While improving iron content in food crop products adds value, improving the bioavailability of that iron when consumed is crucial. Hence, understanding how iron is stored in developing seeds is important. Ferritin is a protein existing in almost all living organisms in a conserved spherical structure [12,13]. The protein coat is formed from 24 structurally equivalent polypeptide subunits. When assembled, these subunits create a hollow protein shell that can accommodate up to 4500 iron atoms. Inside the polypeptide chain, a conservative ferroxidase center is present and its activity determines the ability of ferritin to oxidize iron ions from Fe(II) to less toxic Fe(III). Iron as a ferric oxyhydroxide is bound in the protein core with varying amounts of phosphates and is reduced back to Fe(II) and released upon cell demand for iron [14,15]. While some studies have shown that dietary supplementation or bio-fortification of food products using plant ferritin can reduce symptomatic behavior due to iron deficiency [11,16], in practice, this can have huge impacts on the cost of food.
An alternate strategy for naturally boosting seed ferritin content during crop development was investigated by application of liquid inoculants of the plant growth-promoting rhizobacteria (PGPR) Azospirillum brasilense. Staple grains derived from grass cropping systems are not known for their ability to form conspicuous symbioses with rhizobia as is the case with legumes. Even so, there is a large body of literature attesting to the effects of certain PGPR in grasses [17,18,19,20]. The literature indicates PGPR can promote significant increases in crop yield [21,22,23,24] and documents that these bacteria can colonize a number of different grass species relevant to both bioenergy and agriculture [25,26,27]. In some cases, it has been suggested that biological nitrogen (N2) fixation may contribute to this plant growth enhancement in grass systems [28,29]. However, in most cases, the underlying mechanisms of plant growth promotion are unknown and have been attributed to a variety of sources, including antagonism toward phytopathogens [30] with induction of plant resistance to diseases [31], or phytostimulation through the transfer of phytohormones to their host [32].
Several PGPR have been identified as endophytes of grass species, including Azoarcus spp. in Kallar grass (Leptochloa fusca (L.) Kunth) and rice (Oryza sativa) [33,34], Herbaspirillum seropedicae in sugarcane (Saccharum officinarum) [20] and sorghum (Sorghum bicolor) [35], and Gluconacetobacter diazotrophicus in sugarcane [36]. Others have been identified as epiphytes, including Azospirillum brasilense and Azospirillum lipoferum, which have been commercialized as crop inoculants for maize and wheat [21,22,37,38]. These strains are gaining increased acceptance in agriculture as PGPR inoculants. They are also usually not major components of the soil microflora [20,39]. These N2-fixing bacteria infect at the emergence of lateral roots and in the zone of elongation and differentiation above the root tip [40]. Typically, very high numbers of PGPR in roots have been reported (i.e., ≤108/gram root dry weight) and with no observable disease symptoms [33].
In the present work, two mutant strains of A. brasilense were examined for their influences on host kernel iron assimilation including HM053, a Nif+ constitutively expressed mutant of the nif gene coding for nitrogen fixation enzymes that fixes excess N2 and excretes large amounts of ammonium to the rhizosphere; and ipdC, a mutant strain disrupted in the ipdC gene thus impaired in auxin hormone (indole-3-acetic acid, IAA) biosynthesis.

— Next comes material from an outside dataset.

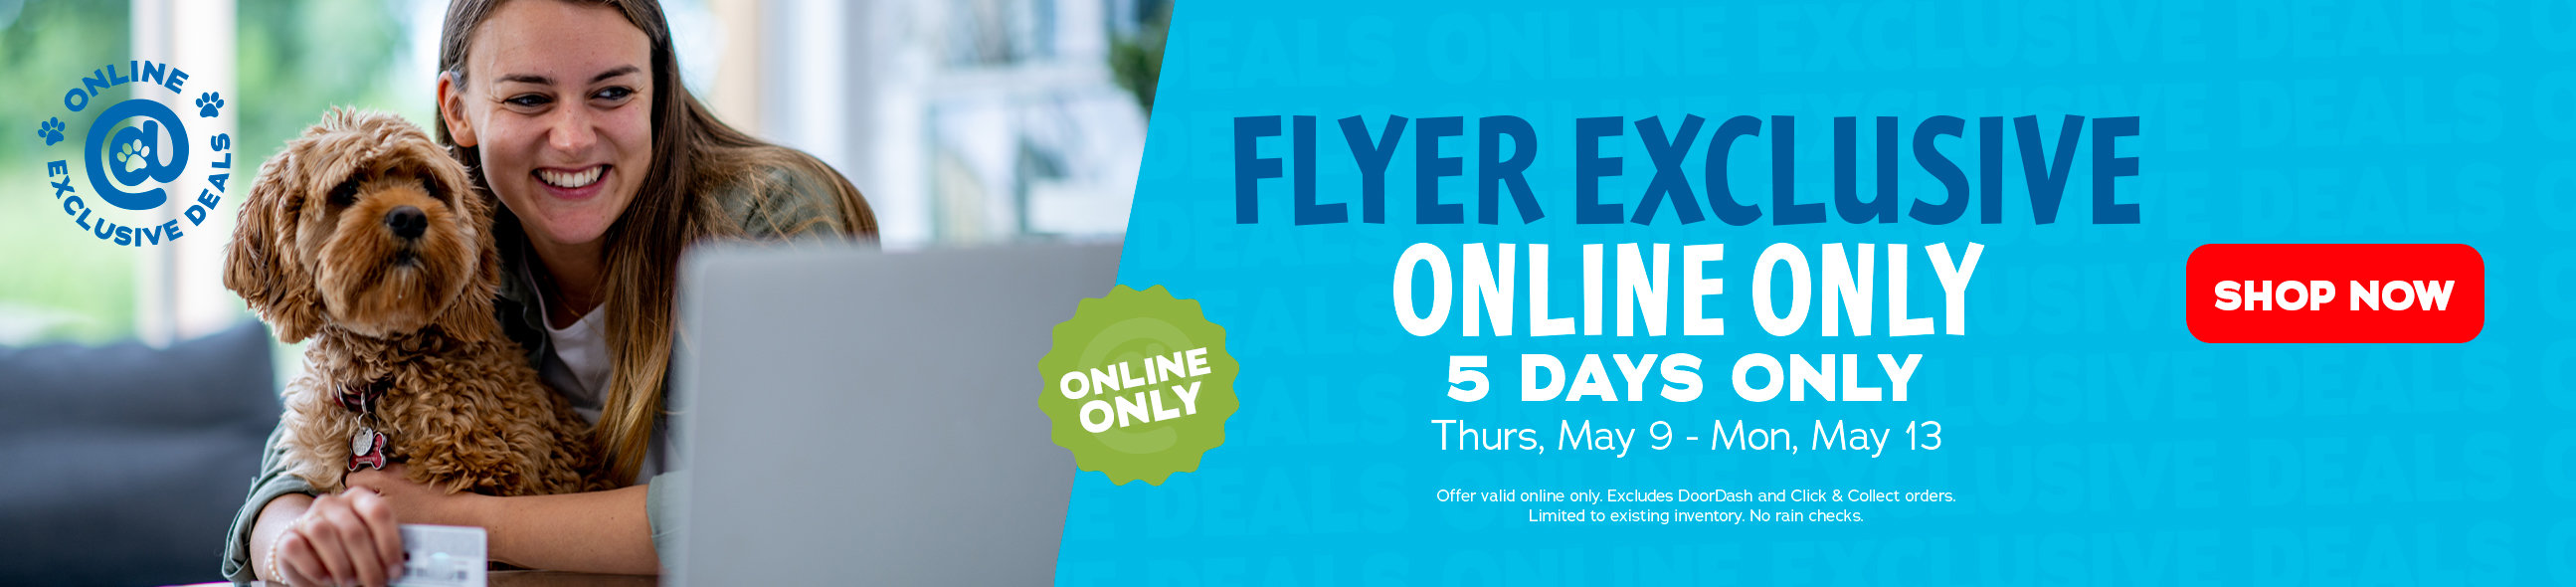 Flyer Exclusive Online Only Flash Sale On Now 5 Days Only

We also compared the effects of soil treatment using exogenously applied auxin on crop yield and seed iron content.

2. Materials and Methods

2.1. Plant Growth

For courtyard studies, 3 maize kernels from Elk Mound Seed Co. (Hybrid 8100) were sown into each of 2.7 gallon pots filled with ProMix. After germination, any excess seedlings were removed from each pot leaving a single plant. A capful of fertilizer (~ 1.2 g) containing nitrogen, phosphate and potash (14-14-14, Osmocote™ Smart-Release Plant Food Flower & Vegetable™, The Scotts Company, Marysville, OH) was added to the assigned pots at the time of planting. Fertilizer was reapplied to pots 30 days after germination (DAG) and 60 DAG. Plants were placed on elevated tables outside (Figure 1). During the 2018 growing season, four study regimes included the following: (i) non-inoculated control plants; (ii) plants inoculated with A. brasilense HM053 bacterium; (iii) plants inoculated with A. brasilense ipdC bacterium; and (iv) plants treated with 30 µM auxin plant hormone (IAA). Plants were administered liquid inoculants at 21, 42 and 63 DAG. Treatments with auxin hormone followed the same schedule. Treatments were randomized across the planting platforms and pots were rotated weekly during the growing season. The study was repeated in the 2019 growing season with the exception that auxin treatments were not applied.

2.2. Bacteria Growth

Two mutant strains of A. brasilense (ipdC and HM053) were grown in liquid NFbHP-lactate medium following published procedures [40]. The medium contained 20 mM ammonium chloride as a nitrogen source and streptomycin antibiotic selection (80 μg mL−1). The bacterial cultures were grown in 25 mL flasks in a shaking incubator set to 30 °C and 130 rpm until OD600 = 1.0 (Optical Density at 600 nm, corresponding to 108 cells mL−1) is reached. Bacterial cultures were washed with sterile water and diluted to approximately 106 to 108 colony forming units (CFU). Bacterial culture (10 mL) was injected into the soil at the base of the stem at the specified 3 time points during the growing season. Verification of bacteria presence at harvest was not carried out.

2.3. Plant Growth Measurements

Maize plants were measured with a tape measure from the soil of the pot up to the highest point of the plant in centimeters. They were measured at three time points: 17, 28, and 55 days after germination. Stem diameters were measured at the second internode up from the base of the stem using calibers. Tape was applied at these stem locations after the first time point measurement which served as a visual marker for subsequent measurements.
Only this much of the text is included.